TASK DETAILS: Required from the data below: the exact lines starting at the line containing "Wohnzimmer mit Holzwand" and ending at the line containing "Super Clean Dodge", with both ends kept and all pictures dropped.

SOURCE MATERIAL:

........

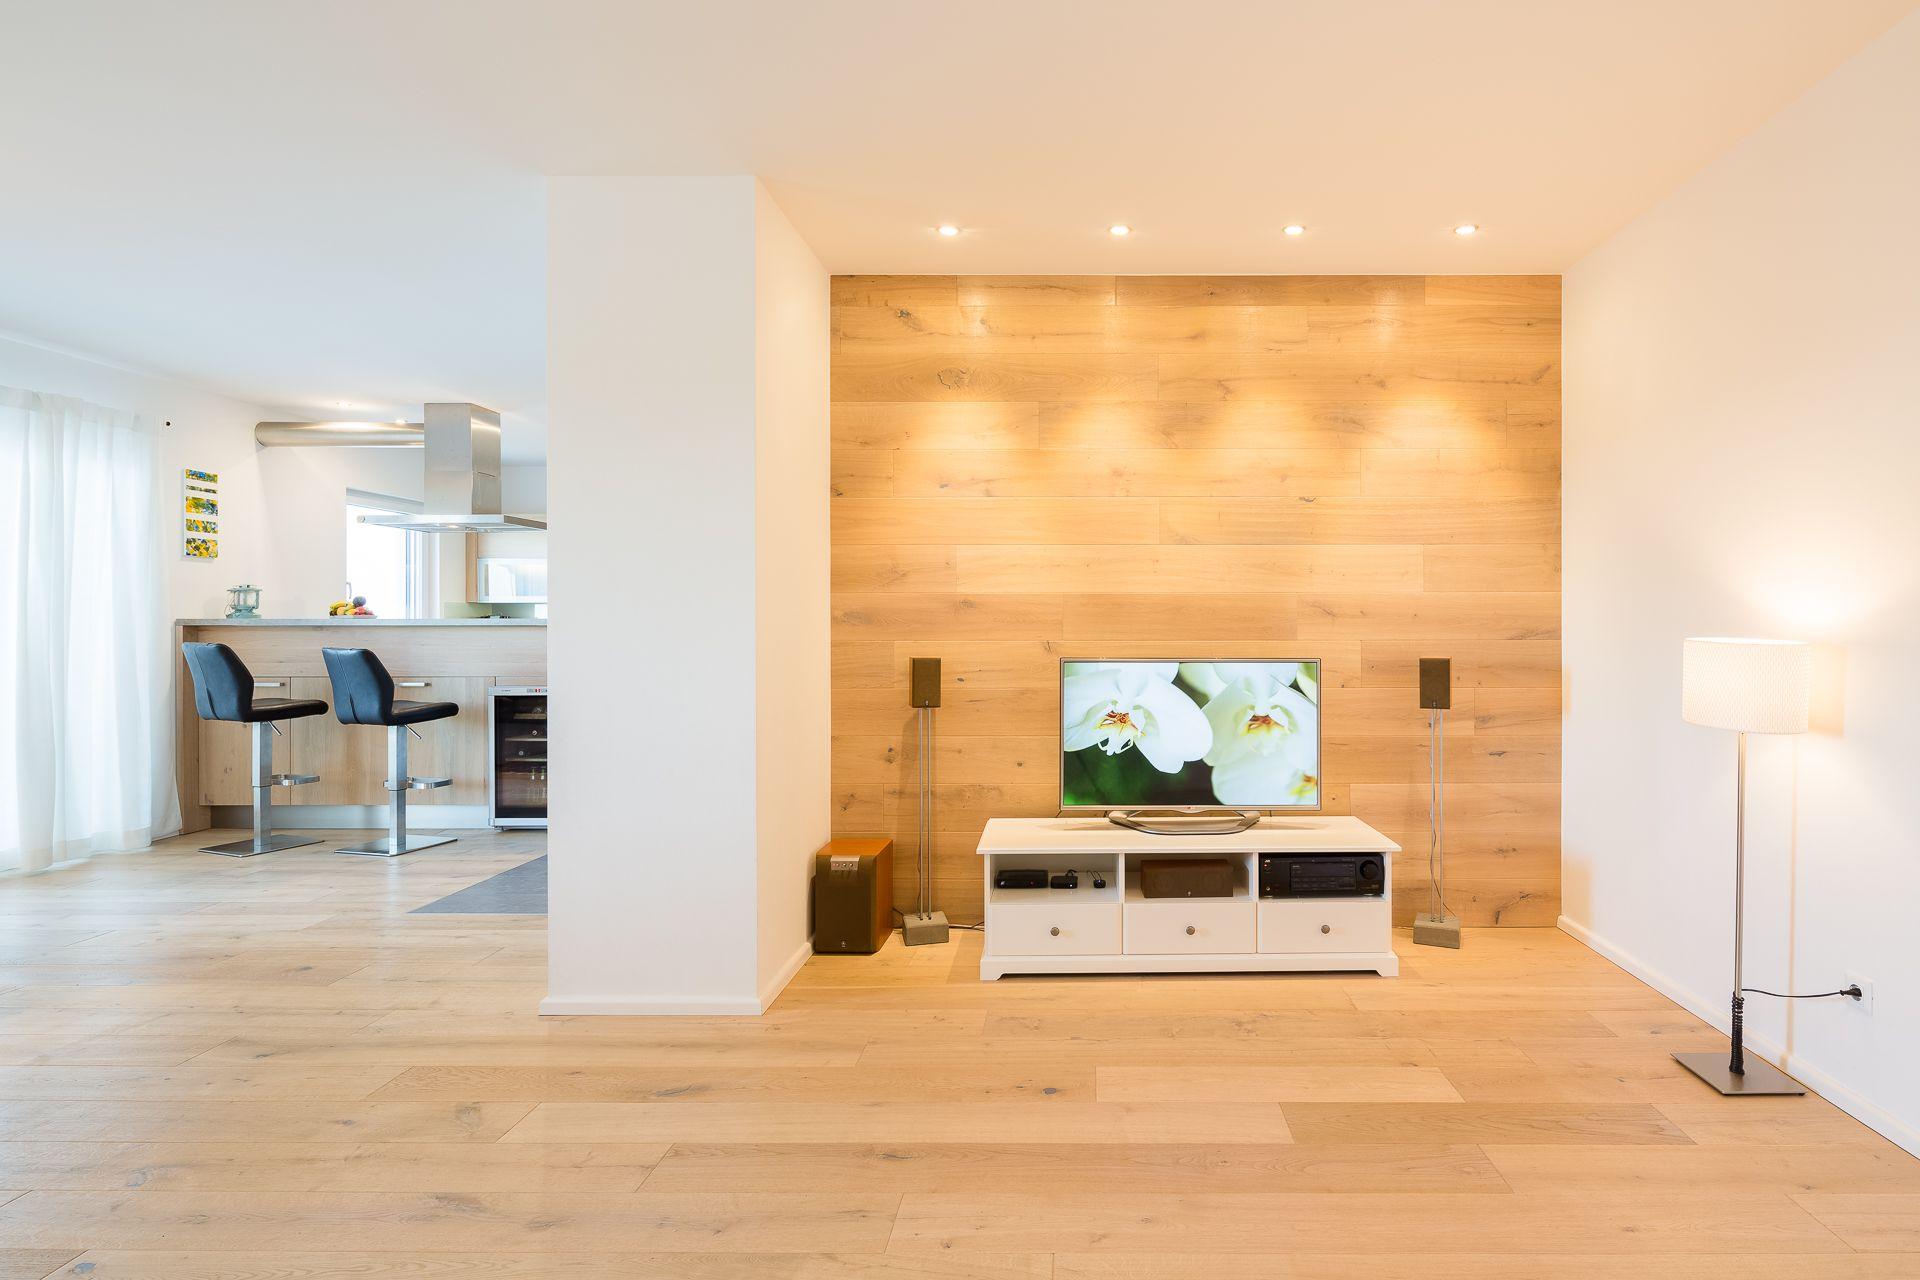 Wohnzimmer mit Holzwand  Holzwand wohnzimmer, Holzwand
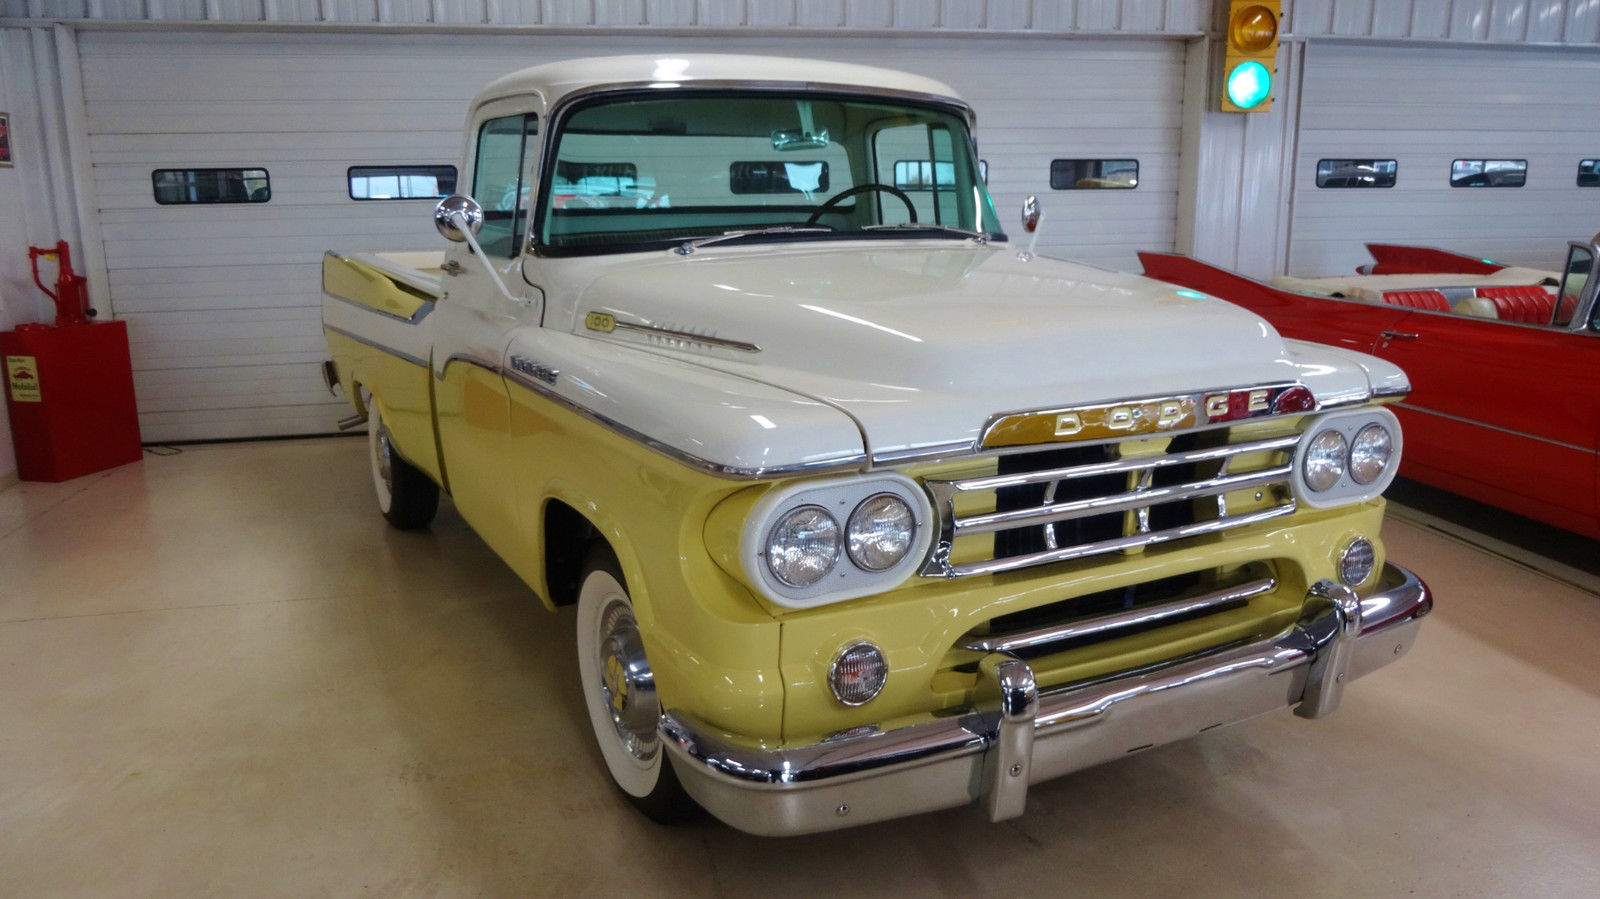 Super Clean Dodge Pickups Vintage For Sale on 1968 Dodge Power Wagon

........

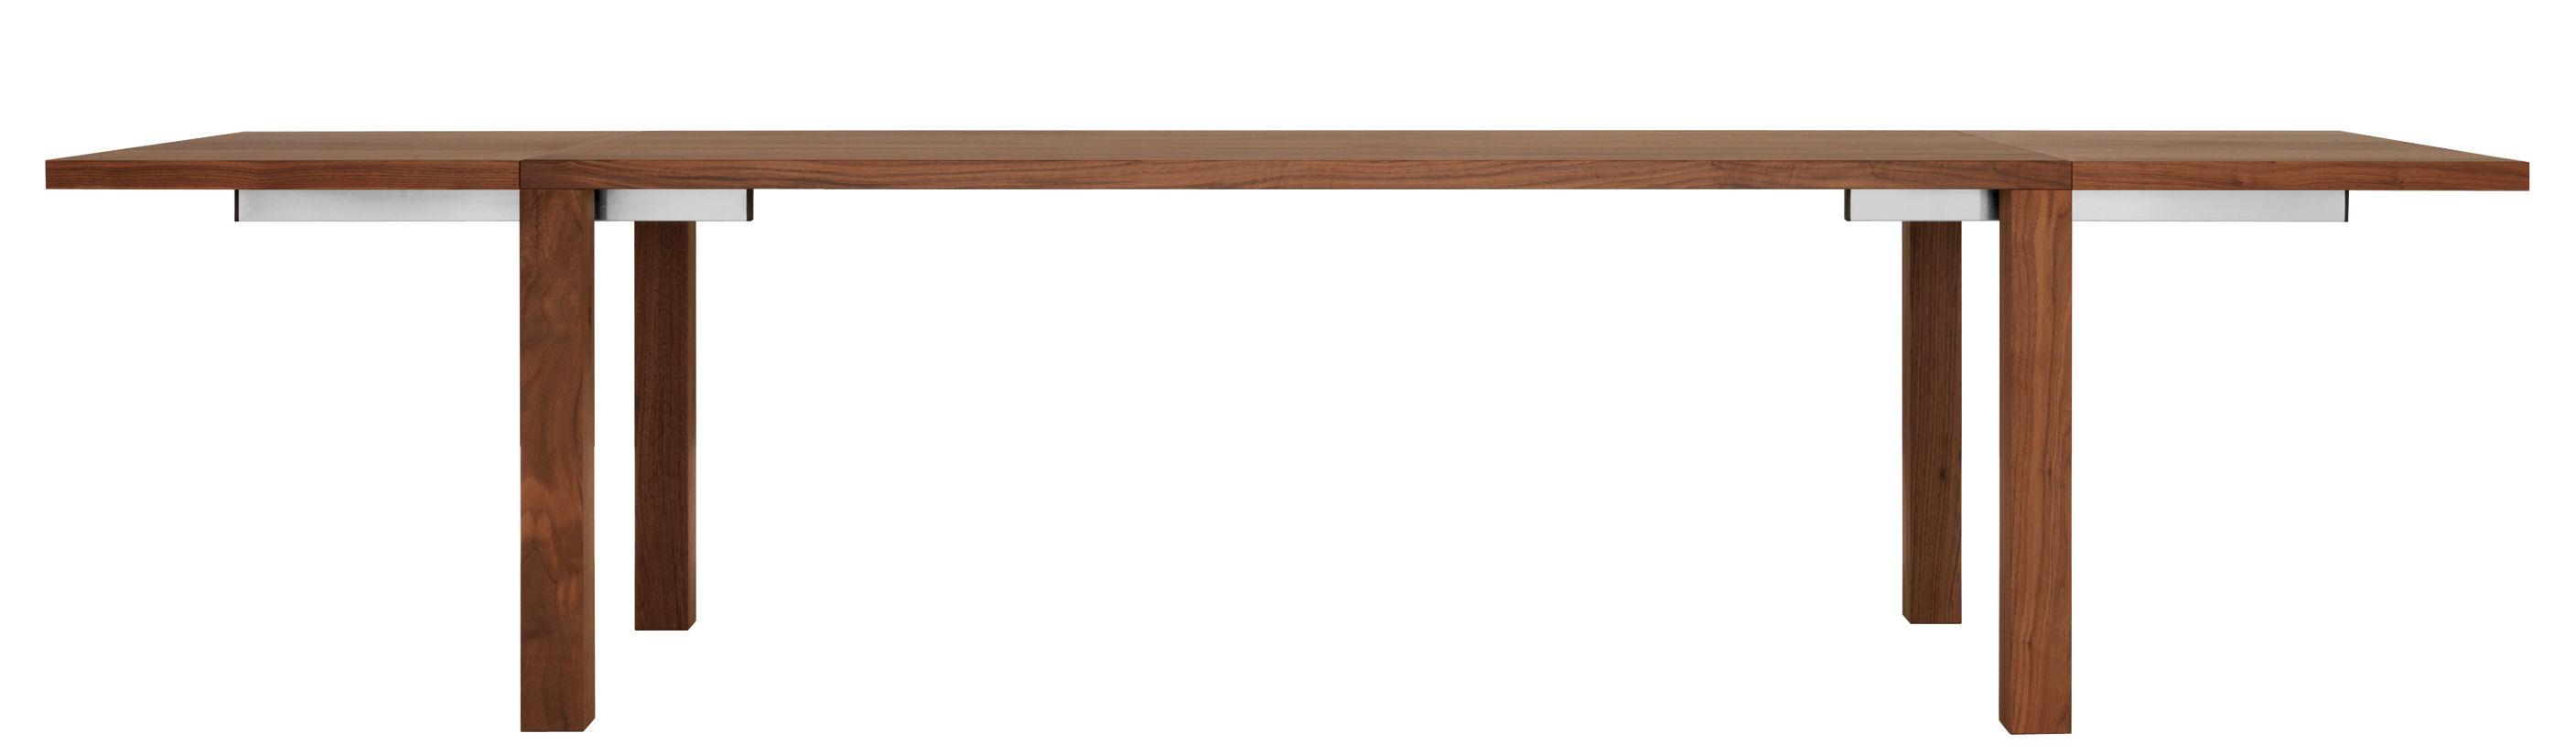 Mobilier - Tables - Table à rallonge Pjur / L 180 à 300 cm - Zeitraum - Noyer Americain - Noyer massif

........

OUTPUT:
 Wohnzimmer mit Holzwand  Holzwand wohnzimmer, Holzwand
 Super Clean Dodge Pickups Vintage For Sale on 1968 Dodge Power Wagon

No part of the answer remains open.